What decisively elevated the rumor's credibility was the reaction of two OpenAI employees.

The first is Brandon McKinzie (@mckbrando), a Member of Technical Staff at OpenAI. He's a key contributor to the o1 and o3 models and the developer of "Thinking with Images," the image reasoning capability in o3 and o4-mini. A multimodal specialist who came from Apple where he worked on the MM1 model, McKinzie recently stated that "This is just the beginning. The team is already hard at work on the next generation of models" and engaged with the omni model thread.

The second is Houda Nait El Barj (@Houda_nait), a Research Lead at OpenAI who heads "Experience Research on Emerging AI Systems." She has been involved in the Jony Ive/LoveFrom hardware project and Operator development. A Stanford economics Ph.D., she replied to the thread with "Coming soon!!" — a statement that strongly suggests awareness of an internal roadmap.

GPT-4o's Unfulfilled Promise: A Second Attempt After Two Years

GPT-5.4 Thinking mode OpenAI multimodal omni model development — Even GPT-5.4 remains limited to text output, but OpenAI appears to be preparing true multimodal output

Understanding this rumor requires revisiting GPT-4o's history. Launched in 2024, the "o" in GPT-4o stood for "omni." It was marketed as a truly multimodal model spanning text, images, and audio, but in practice fell short of full multimodal input-output. Image and audio output were limited, and video input-output wasn't supported at all.

The subsequent GPT-5 series (5.0, 5.1, 5.2, 5.3, 5.4) iterated rapidly but the situation hasn't fundamentally changed. Even GPT-5.4, launched just four days ago, accepts text and image inputs but only outputs text. Despite its massive 1-million-token context window and powerful reasoning capabilities, native audio output and video processing remain absent.

In other words, two years have passed since GPT-4o branded itself as "omni," yet OpenAI has still not delivered a model that freely handles input and output across all modalities. If this rumor proves true, it could represent the fulfillment of a promise deferred for two years.

The Connection to New Audio Model Reports

This omni model rumor doesn't exist in isolation. In January 2026, SiliconANGLE reported that OpenAI planned to launch a new audio model architecture within Q1. Combining this report with the omni model rumor suggests OpenAI may be preparing a dedicated multimodal model line separate from the text-centric GPT-5 series.

McKinzie's background supports this interpretation.
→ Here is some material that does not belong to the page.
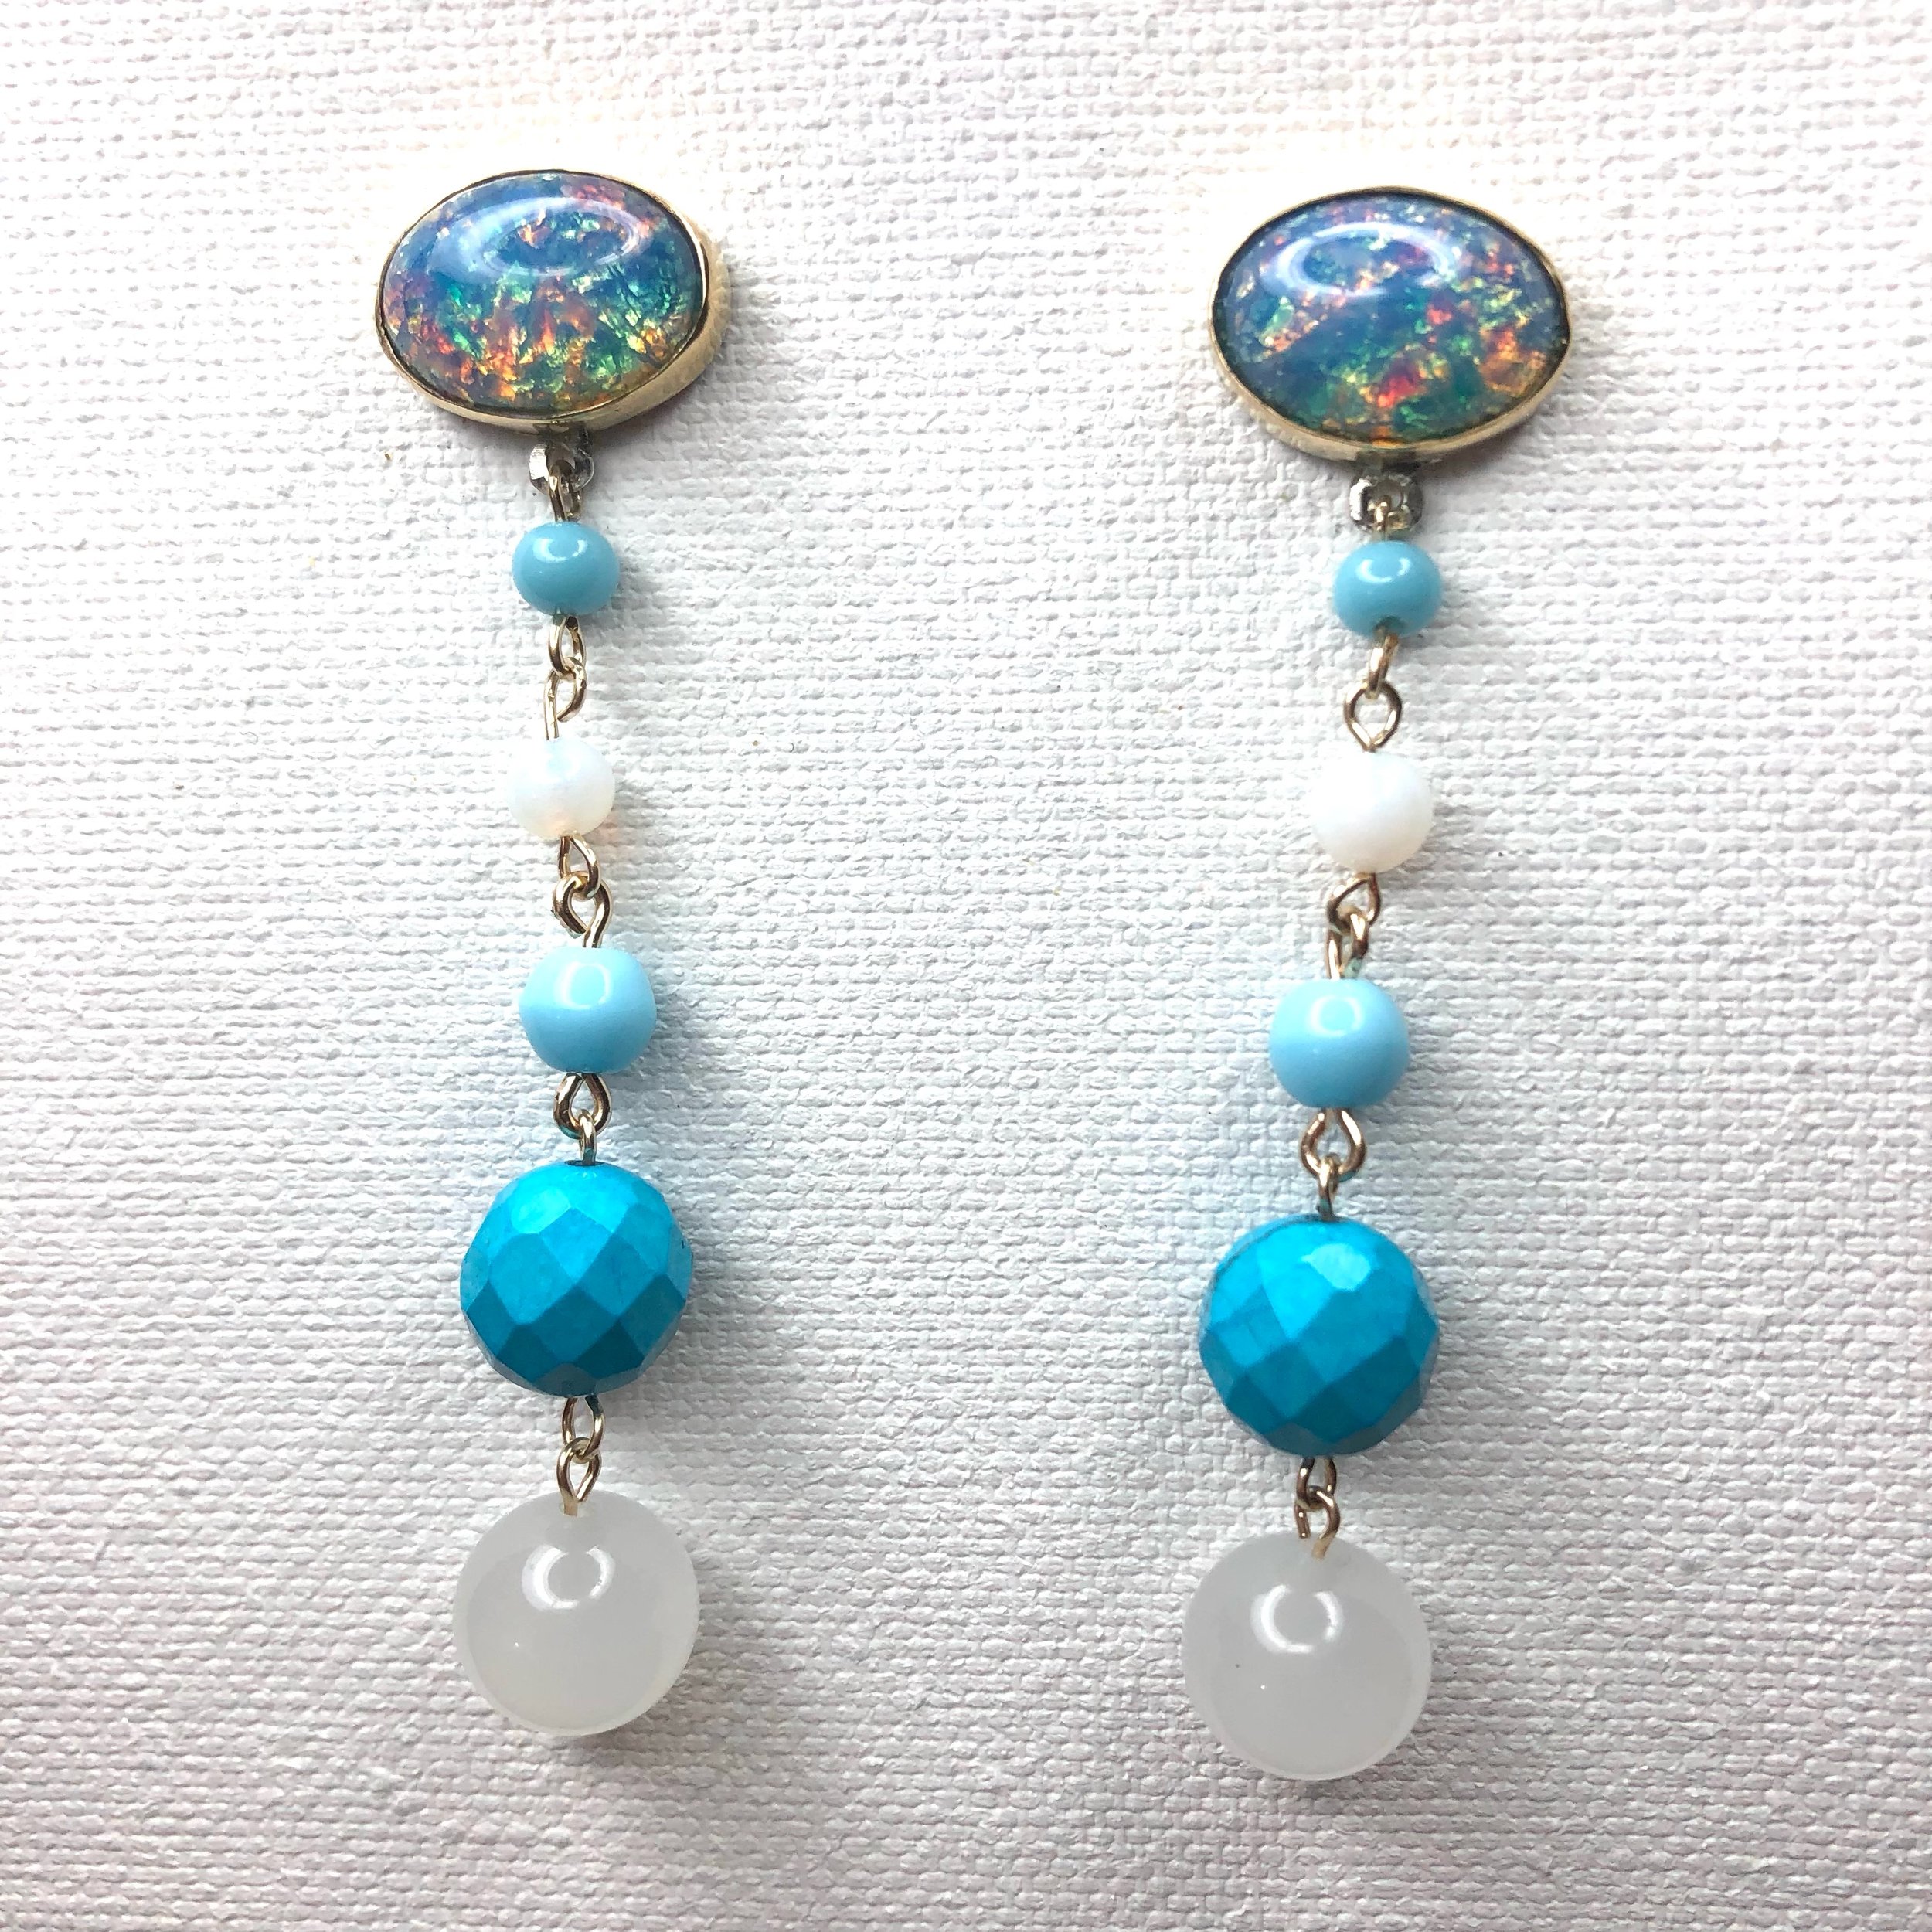  Earrings featuring vintage blue foil press glass stone, vintage glass beads, rock  crystal, turquoise, sterling silver &amp; 14k gold

He developed MM1, a multimodal large language model at Apple, before joining OpenAI, where he implemented image reasoning capabilities in o3 and o4-mini. Processing text, images, audio, and video within a single model aligns precisely with his area of expertise.

Community Reaction and Spread

The rumor's spread is currently limited. On X, legit_api's original tweet has garnered approximately 19,300 views, with reactions primarily from the AI community. In Korea, it attracted attention on DC Inside's Singularity Gallery with roughly 3,600 views, 26 upvotes, and 29 comments. However, it hasn't been picked up by Reddit or major tech outlets yet, placing it firmly in the early-stage rumor category.

Community sentiment is a mix of excitement and skepticism. Given GPT-4o's precedent, some argue they "won't believe it until full multimodal is actually delivered," while others point to the direct engagement from OpenAI employees as grounds for optimism that "this time might be different."

The Homework GPT-4o Left Behind: Can They Deliver After Two Years?

Here's what we know so far: a credible API monitoring expert reported the omni model's development, a multimodal specialist at OpenAI engaged with the thread, and a Research Lead responded with "coming soon." Separate reporting about a new audio model architecture points in the same direction.

However, all of this remains a combination of rumors and circumstantial evidence rather than an official announcement. The release timeline, model name (whether it will be GPT-5o or a separate brand), and specific feature scope are entirely unconfirmed. Whether the fully multimodal input-output that GPT-4o promised two years ago will finally be realized this time remains to be seen. OpenAI's next move deserves close attention.